CfP: Workshop Industrial Heritage Activism: Memory Politics in Public Labour History (session at the III ELHN Conference)

Call for Papers, deadline 30 October 2018

CFP - Industrial Heritage Activism: Memory Politics in Public Labour History

Parallel to the neoliberalisation of political culture is Labour History enjoying a renaissance. In public history, the memory and heritage of the age of heavy industry recently attracted increasing attention, especially because the (mis)management of deindustrialisation processes can be interpreted as essential to the crises of democracy we witness today. At the same time, the increasingly popular understanding of planetary history as currently being fundamentally anthroposcenic, and since the usage of the steam engines during the industrial revolution as being predominantly shaped by humans, sheds new light on the way we might conceptualise the industrial past in the future. Indeed, the future of labour history remains open and requires public engagement with memory politics.

Contributions from the fields of critical heritage studies and memory studies, and changes in the heritage sector more generally, have diversified the conceptual understanding of industrial heritage. Whereas in the past industrial heritage has mainly been explored through the lens of physical preservation of factories and industrial sites, today’s perspectives increasingly involve a critical engagement with the material legacy in a broader sense and representations of memories. Global comparisons show that postindustrial memory regimes are very place dependent and that deindustrialisation is an extremely uneven process, which is strongly dependent on particular political cultures under conditions of structural change. There is also memory activism “from below” interacting with such forces “from above”. It is this interaction that this workshop seeks to discuss in a comparative framework and over time.

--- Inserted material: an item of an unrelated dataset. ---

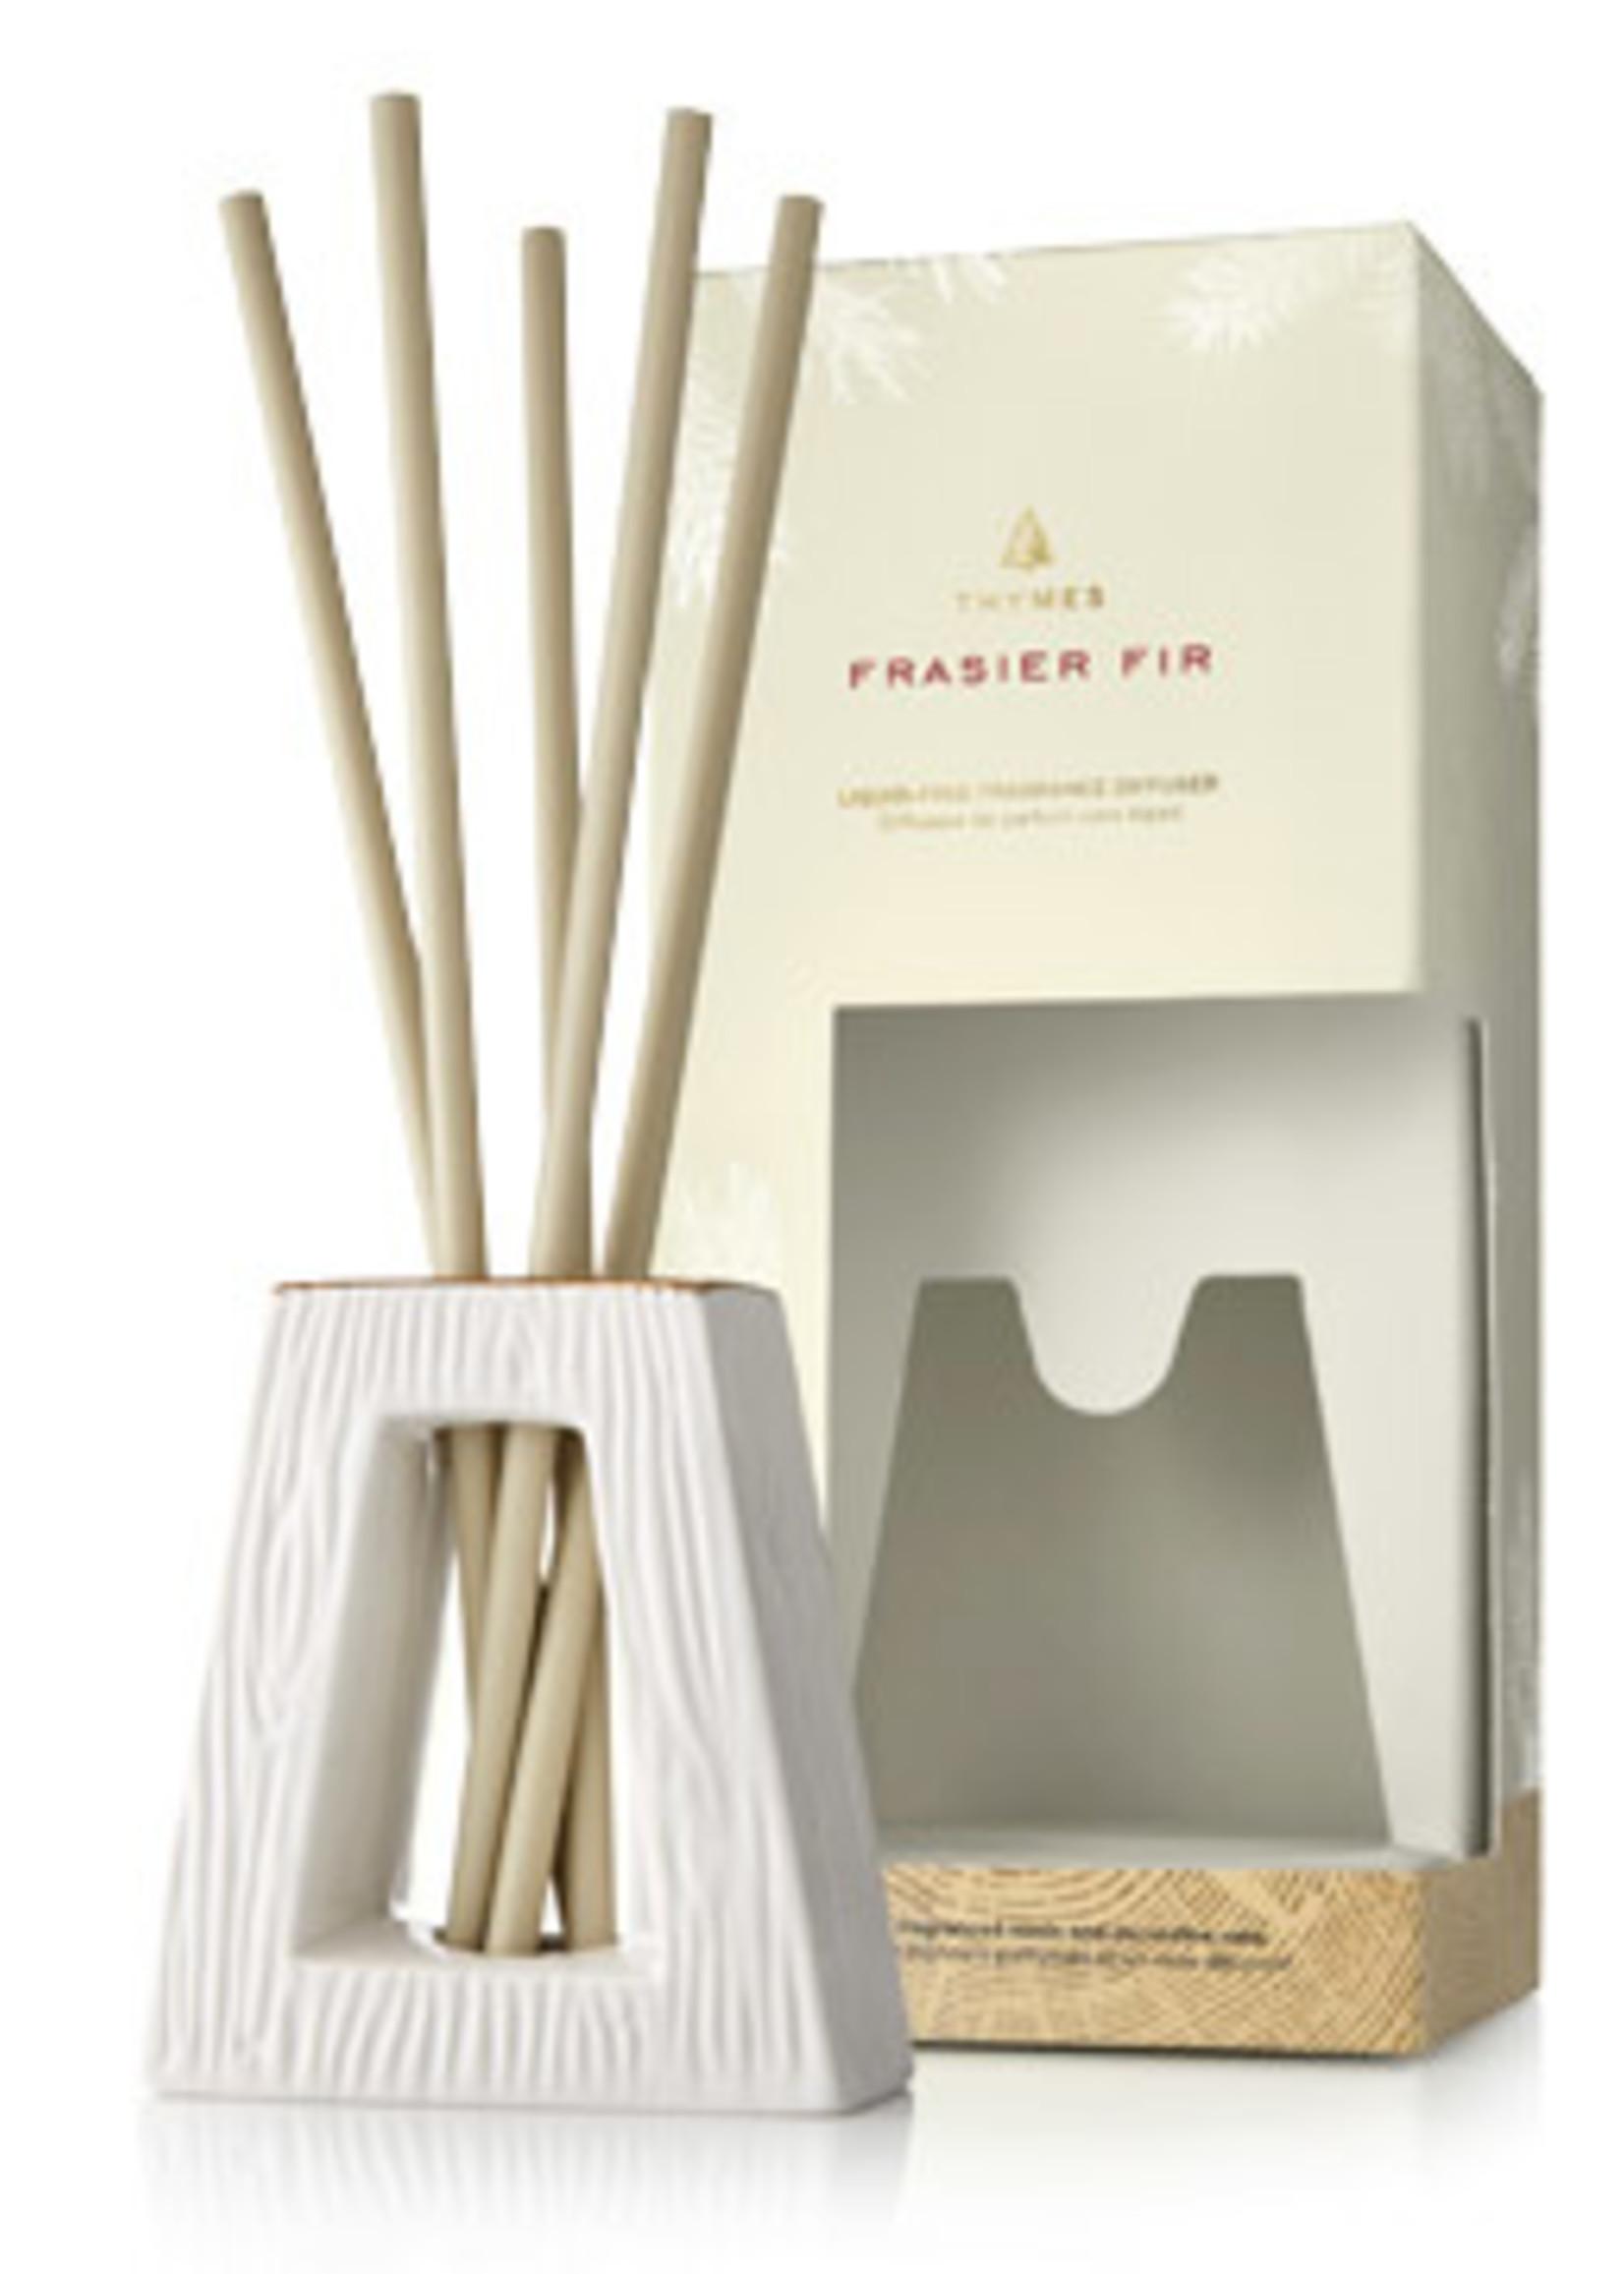 Thymes Frasier Fir Gilded Liquid-free Fragrance Diffuser
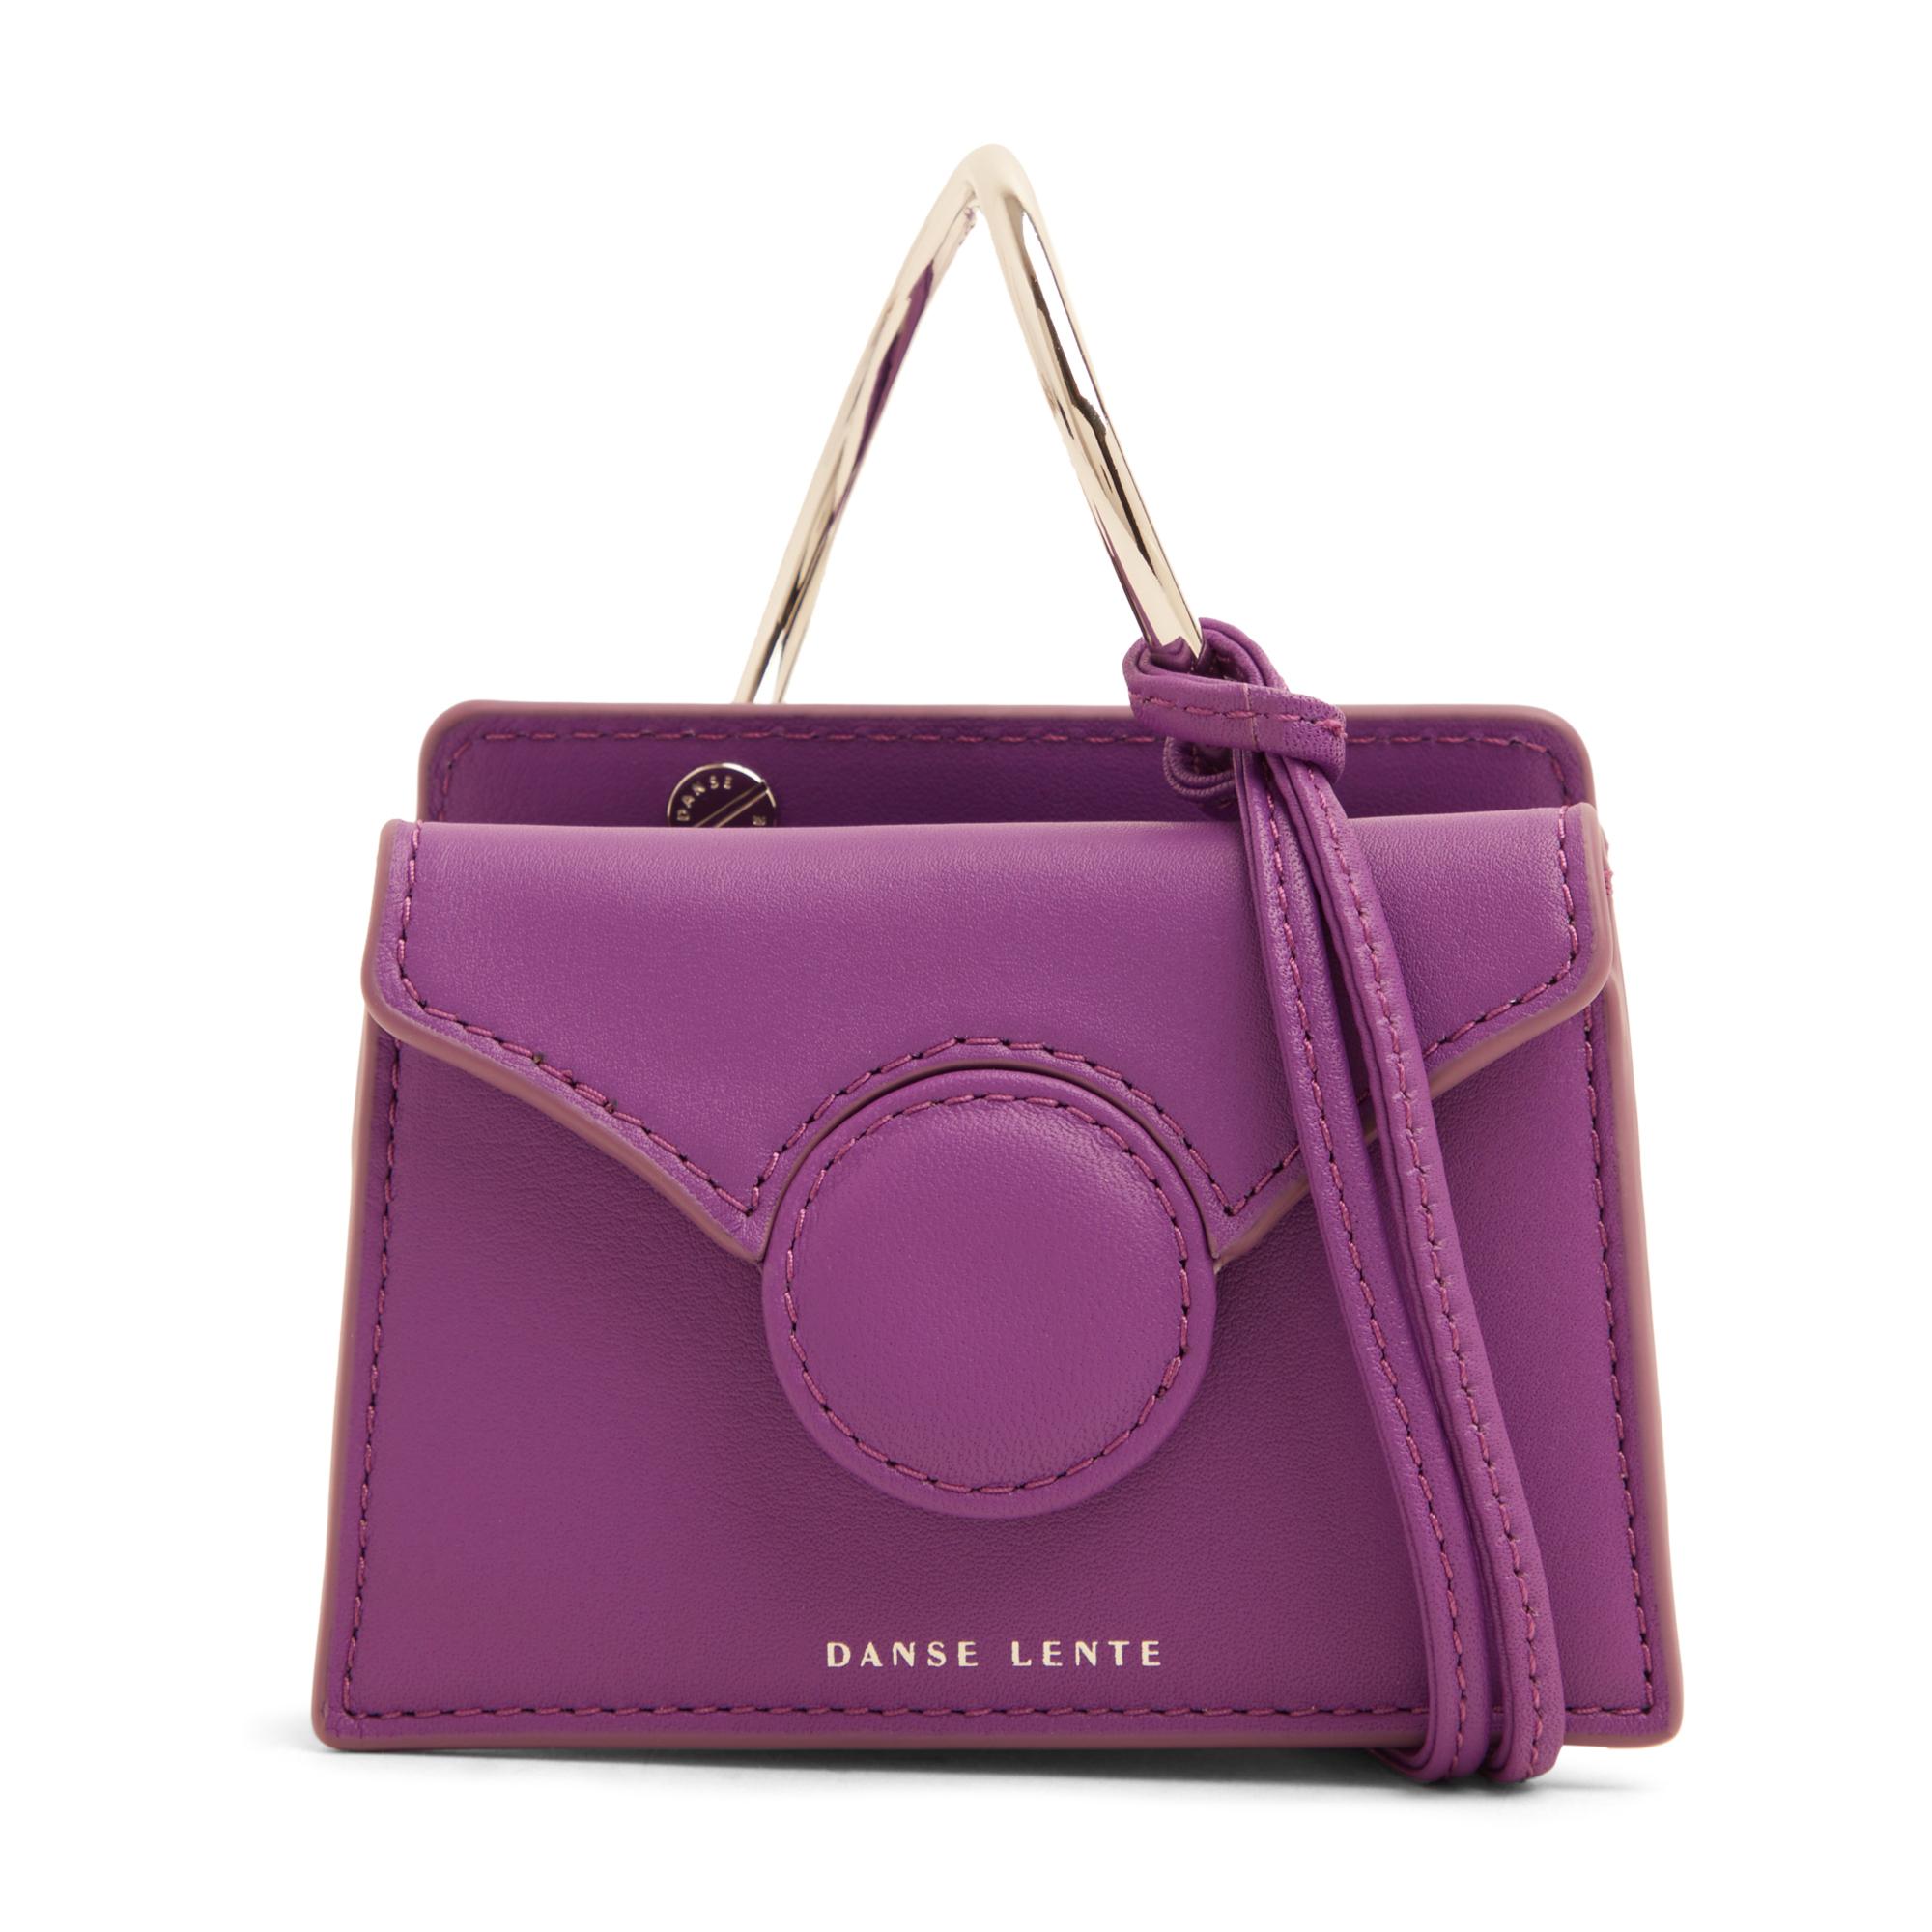 Micro Phoebe crossbody bag

The papers will contribute to the critical turn in industrial heritage studies and explore relations, actions and ideologies influencing how industrial heritage has been preserved. This can be done by identifying movements, groups and individuals instrumental in the construction, preservation and reinterpretation of the materialities of the industrial heritage in its variety of forms (e.g. factories, landscapes of extraction and infrastructures). For example, we hope to discuss how carefully crafted heritage discourses about labour in the carbon-based past have textured contemporary understandings of economic and environmental sustainability and future expectations. Sites associated with a carbon-based economy might have significant similarities in contrast to other types of heritage, however each type of site has its own materiality that influences people how - or prevents people to – reflect on the effects of the labour in the past. We may wonder how such sites have been integrated in the heritage discourse, or why they haven’t been part of it; and how their monumentality has been used for visitors to historically engage with the labour performed, working/health conditions, labour movements, deindustrialisation, and environmental transformations.

To understand the power structures behind the memory politics of the industrial age, it is important to define the actors who have intentionally or unintentionally manipulated our understanding of the industrial past through industrial heritage. Contrary to traditional assessments focusing on the state as the authoriser of certain discourses, today increasingly non-state actors also play a central role in the presentation of the industrial age. For example, multinationals fund sites as part of their corporate social responsibility strategy, local social movements rematerialise sites of extraction to contest dominant narratives and local governments revive old sites for economic purposes. We are realising that the history of industrial heritage has been shaped by a variety of protagonists defining the discourse and representation of the past, such as politicians, companies, city planners, civil society activists, academics, artists and last but not least former workers of the industries. These different actors each are each driven, consciously and unconsciously, by deeply rooted dispositions and sociopolitical structures that require careful analysis.

The workshop, entitled “Industrial Heritage Activism: Memory Politics in Public Labour History” will take place over a maximum of two days within the framework of the third conference of European Labour History Network in Amsterdam on 19-21 September 2019.